Compound 2 was obtained as pale yellow powder. Its molecular formula of C11H12O4 with six degrees of unsaturation was established by a HRESIMS ion peak at m/z 209.0806 [M+H]+. Interpretation of 1H NMR, 13C NMR, DEPT, 1H−1H COSY, HSQC, and HMBC spectroscopic data (Fig. 3) assigned the planar structure of compound 2, which was the same to known compound, 3-methyl-6-hydroxy-8-methoxy-3,4-dihydroisocoumarin (2a) [6], the optical rotation of 2 was similar to that of 2a, indicating these two compounds were the same one. However, the CD spectrum or X-ray diffraction data of 2a was lacking, its NMR data and optical rotation were not enough for determining the absolute configuration. So, the reported stereochemistry of 2a was inaccurate. For the purpose of confirming the absolute configuration, the CD spectrum (Figure S22) was performed, and showed the negative Cotton effect at 231 and 269.5 nm, and positive Cotton effect at 250.5 nm, which was nearly identical to those of angelicoin A [7]. Therefore, the absolute configuration of 2 was assigned as the 3R configuration.
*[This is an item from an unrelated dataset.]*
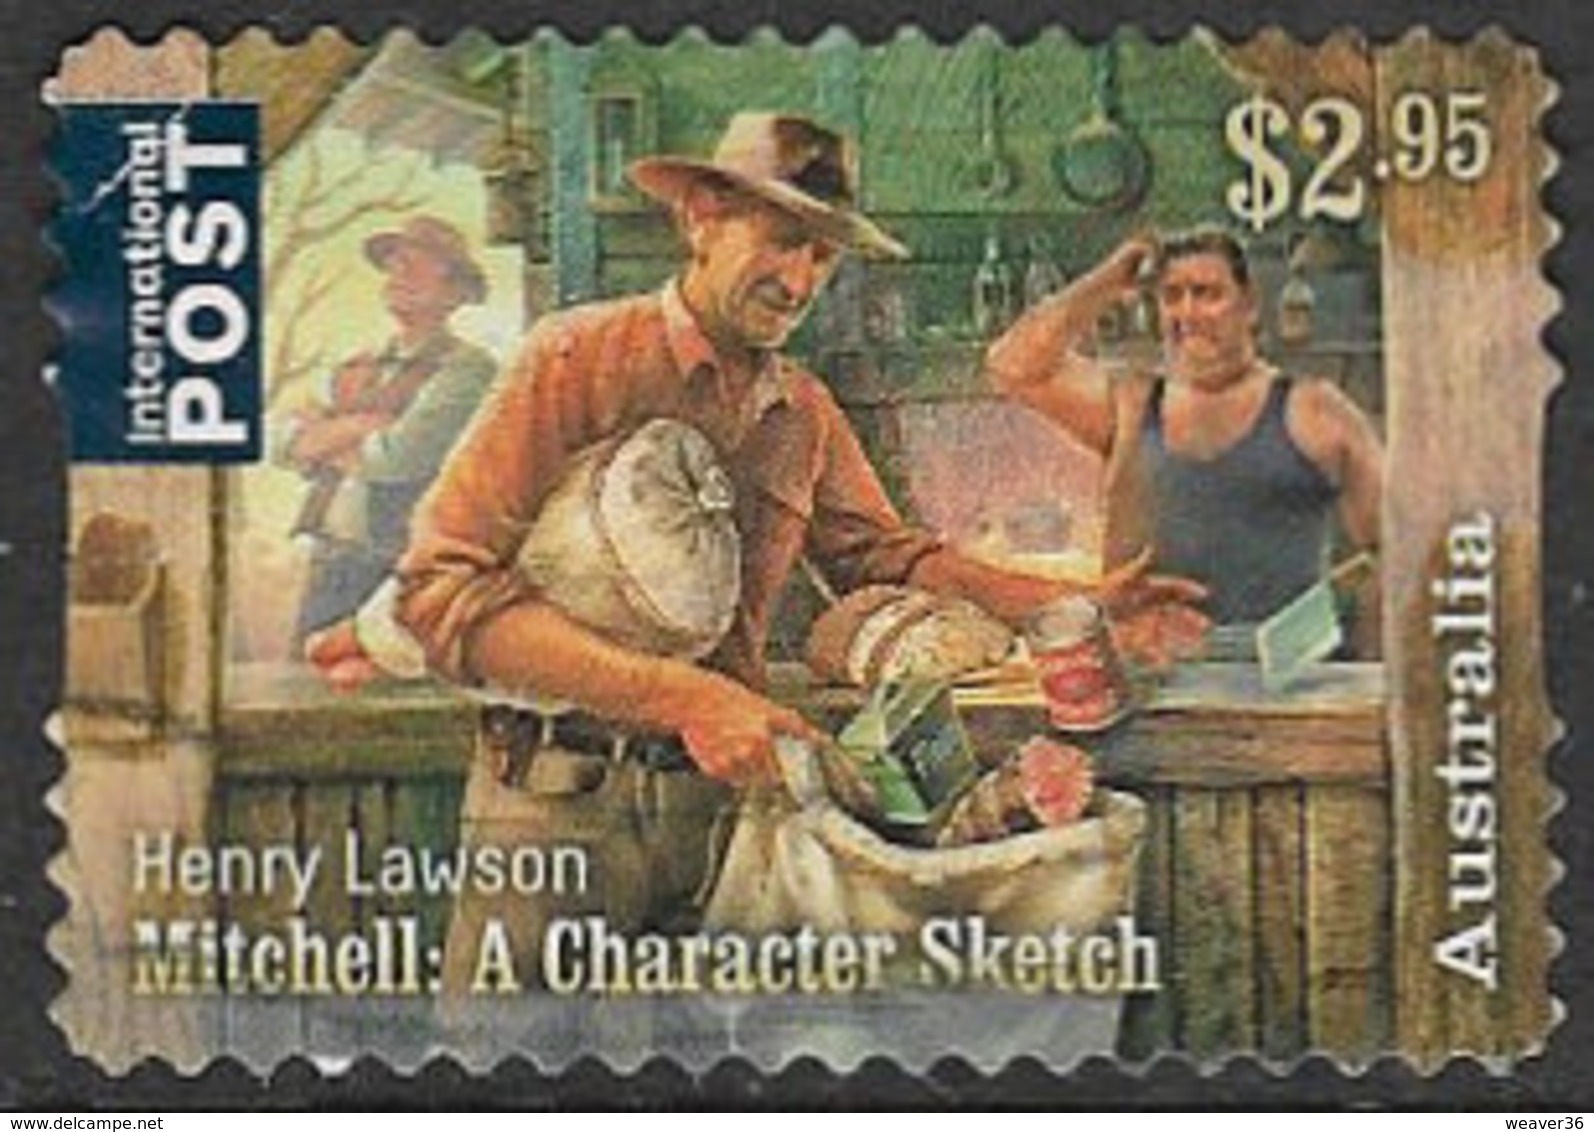 Australia 2017 Henry Lawson $2.95 Self Adhesive Good/fine Used [38/31226/ND] - Used Stamps
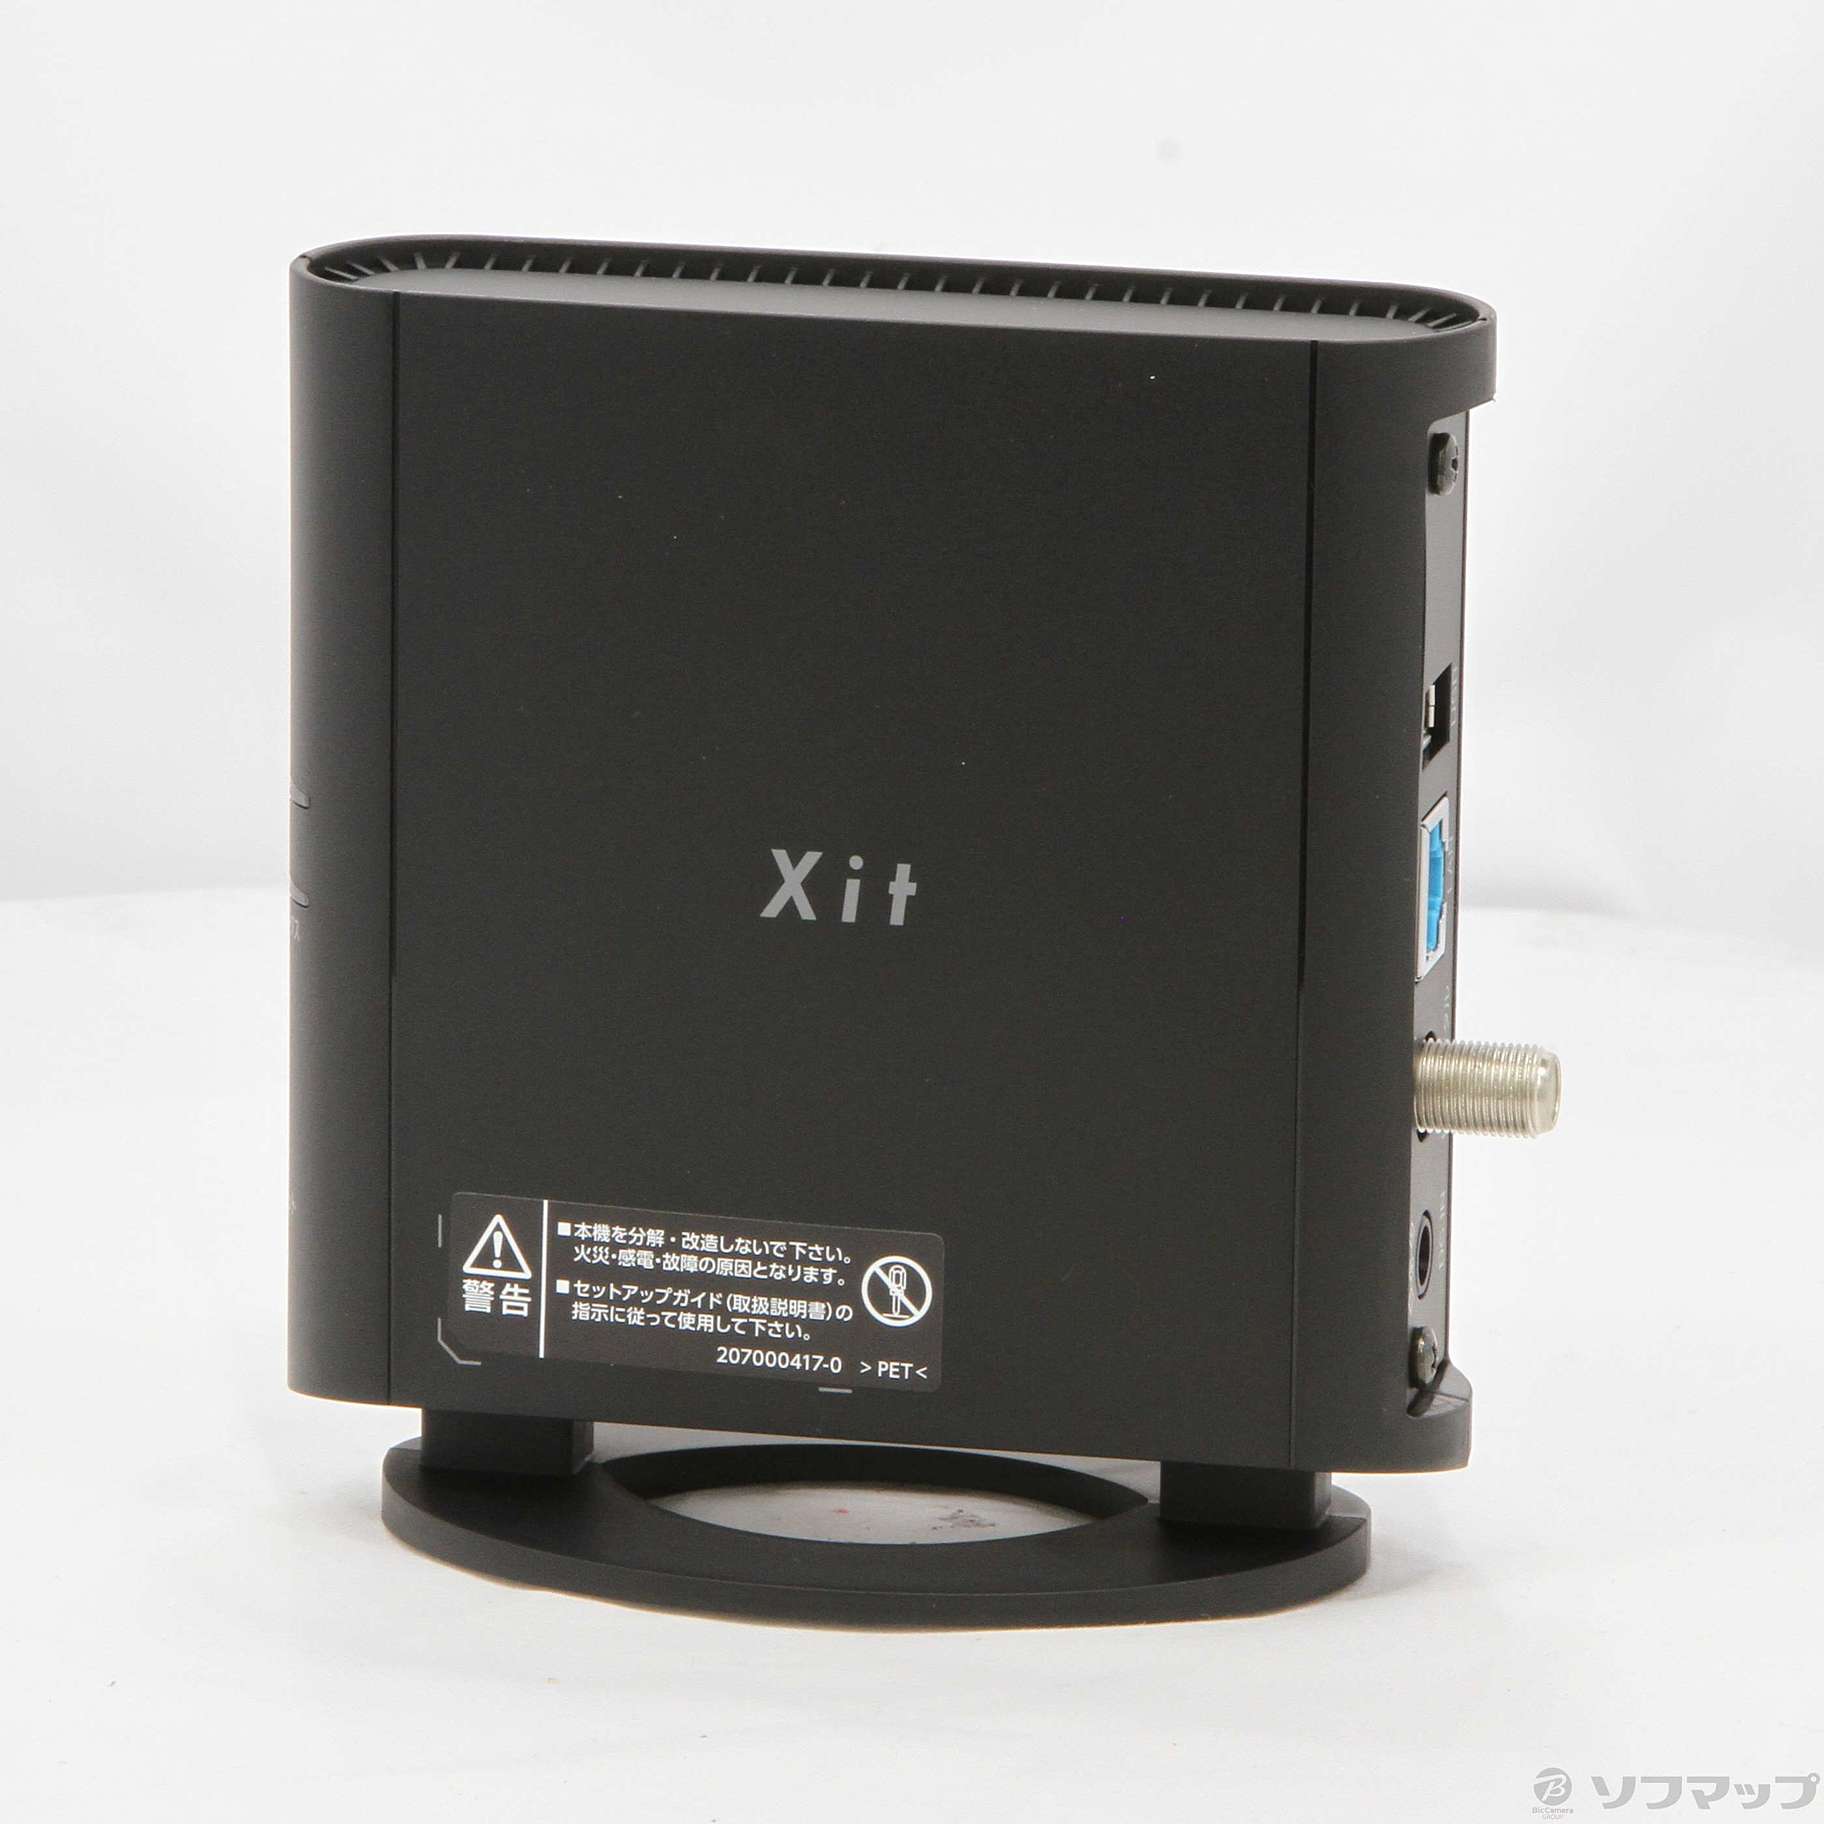 Xit AirBox lite XIT-AIR50

Compounds 1 and 2 were evaluated for anti-HIV activities (efavirenz as the positive control) [8]. Compounds 1 and 2 showed weak anti-HIV activities with the IC50 values of 60.4 and 69.3 μM, respectively, while the CC50 values of 1 and 2 were both more than 100 μM.

In summary, we isolated and fully characterized via extensive spectroscopic analyses a new azaphilone analog and a known isocoumarin from the fungus Penicillium species. These two compounds showed low anti-HIV activities.